3) Sizing protective/detection distance
Fixed machinery — Use ISO 13855: S = K × T + C. Here T is total stop time (sensor response + controller delay + mechanical brake), and C is intrusion allowance based on resolution. The 2024 edition adds terms for particular geometries (e.g., DDS, Z). Always measure stop time and file the record.
Mobile platforms (AGV/AMR) — Use ISO 3691-4. Protective field ≥ stopping distance at the current speed + control/odometry latency + position uncertainty. Implement speed-dependent field sets and verify with worst-case load and floor friction.
4) Installation rules that avoid false trips and blind spots
- Height & tilt: low mounting for leg/ankle detection; slight downward tilt limits floor specular returns.
- Corner coverage: 270° scanners need pairing at inner corners; ensure overlapping 10–20% to remove “V” gaps.
- Reflectors: paint bright edges matte; keep windows clean; add housings in oil-mist/welding areas.
- Cabling & EMC: segregate from VFD/motor runs; use shielded cables; bond housings; verify margins with the machine at full duty.
5) Logic & I/O — make the stop deterministic
- Safety scanners: wire OSSDs to a safety relay/PLC; configure restart interlock, external device monitoring (EDM), and field switching by speed/direction.
- Industrial LiDAR (DLD05A-1N/DLDO5A-1N, DJNS 20A5-5N): use NPN outputs for pre-warning/slow; the final stop must be executed by a certified safety function.
- Muting/blanking: for conveyors or gates, combine timers and confirmation sensors; document all bypass conditions and limits.
6) Commissioning & validation — what to prove
| Item | Acceptance criterion | Evidence |
|---|---|---|
| Stop distance | Protective field ≥ measured stopping distance + uncertainty margins | Stop-time test report; ISO 13855/ISO 3691-4 calculation sheet |
| Coverage | No blind spots at corners, under pallets or around fixtures | Field plots; corner walk-through test |
| EMC/ambient | No nuisance trips at full production duty | EMC run test with VFDs/welders active |
| Change control | Config locked; changes auditable | Parameter printout; password policy; revision log |
7) DAIDISIKE quick spec map (for planning)
| Model | Range | Outputs | Typical role |
|---|---|---|---|
| DLD05A-1N / DLDO5A-1N | 5 m | NPN | Close-range obstacle warning on AGV/cell entries; assists slow/creep modes. |
| DJNS 20A5-5N | 20 m | NPN | Aisle perimeter and approach detection; early warning before the safety stop chain. |
For human protective stop, use a safety-rated laser scanner (IEC 61496-3) and validate the safety function to ISO 13849-1 or IEC 62061.

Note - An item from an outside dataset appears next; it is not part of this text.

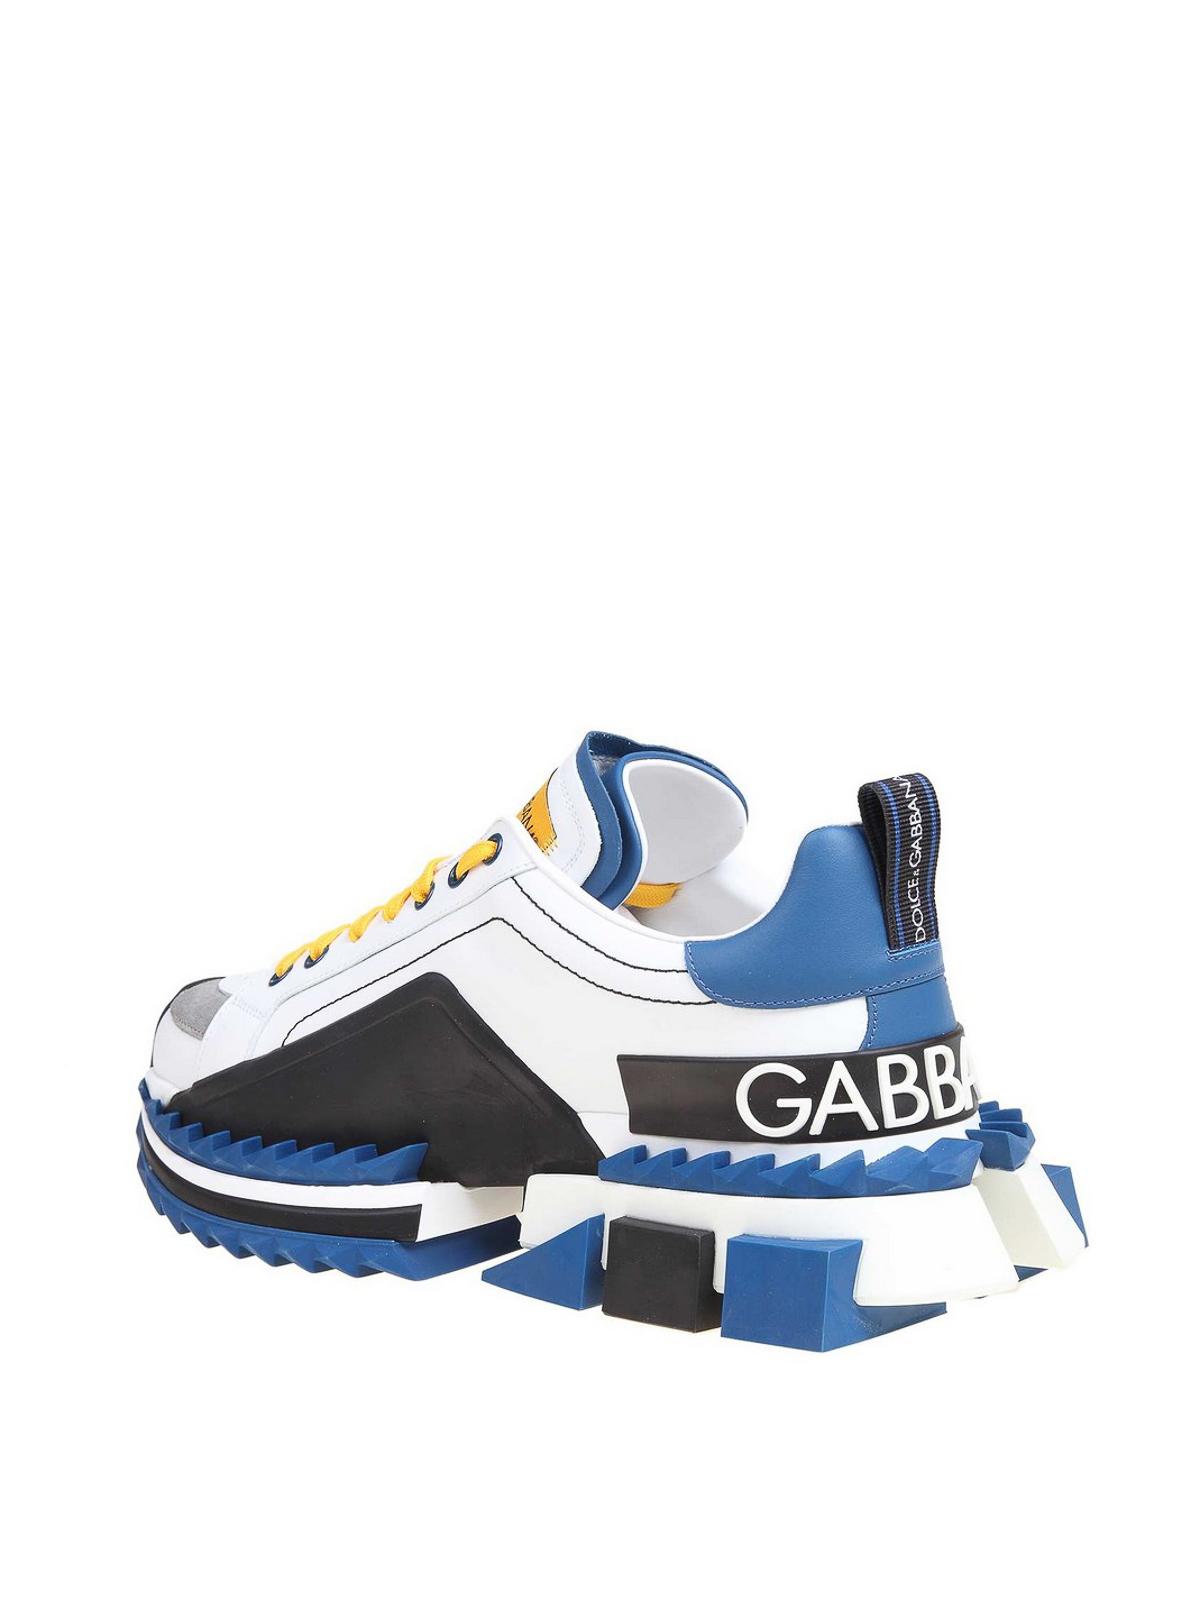 King sneakers - trainers - CS1649AZ69289951

8) Maintenance & change management
- Daily: lens cleanliness, indicator states, connectors, no new occlusions.
- Periodic: re-measure stop time, reconfirm field plots; in welding/oil-mist areas shorten the interval.
- After changes: any software/PLC update, speed change or layout shift requires re-validation before release.

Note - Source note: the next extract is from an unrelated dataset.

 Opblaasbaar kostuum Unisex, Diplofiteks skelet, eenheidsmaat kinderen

- Records: parameter set (.cfg), stop-time logs, test checklists, and revision history stored with the machine file.
9) Standards you will cite in reports
- IEC 61496-3 — Safety laser scanners (AOPDDR) product requirements and type testing.
- ISO 13855 — Positioning of safeguards; safety-distance formulae and parameters.
- ISO 3691-4 — Driverless industrial trucks (AGV/AMR) safety requirements.
- ISO 12100 — Risk assessment & risk reduction framework for machinery.
- ISO 13849-1 / IEC 62061 — Functional safety (PL/SIL) at system level.
- ANSI B11.19 — Performance requirements for risk-reduction measures (North America).
Frequently Asked Questions
What is the difference between a safety laser scanner and an industrial LiDAR?
A safety laser scanner is a certified protective device (to IEC 61496-3) intended to stop a hazard when a person enters its field. An industrial LiDAR is a navigation or measurement sensor with no safety rating. For protecting people only a certified safety scanner may be used; LiDAR suits mapping and obstacle avoidance that is not safety-rated.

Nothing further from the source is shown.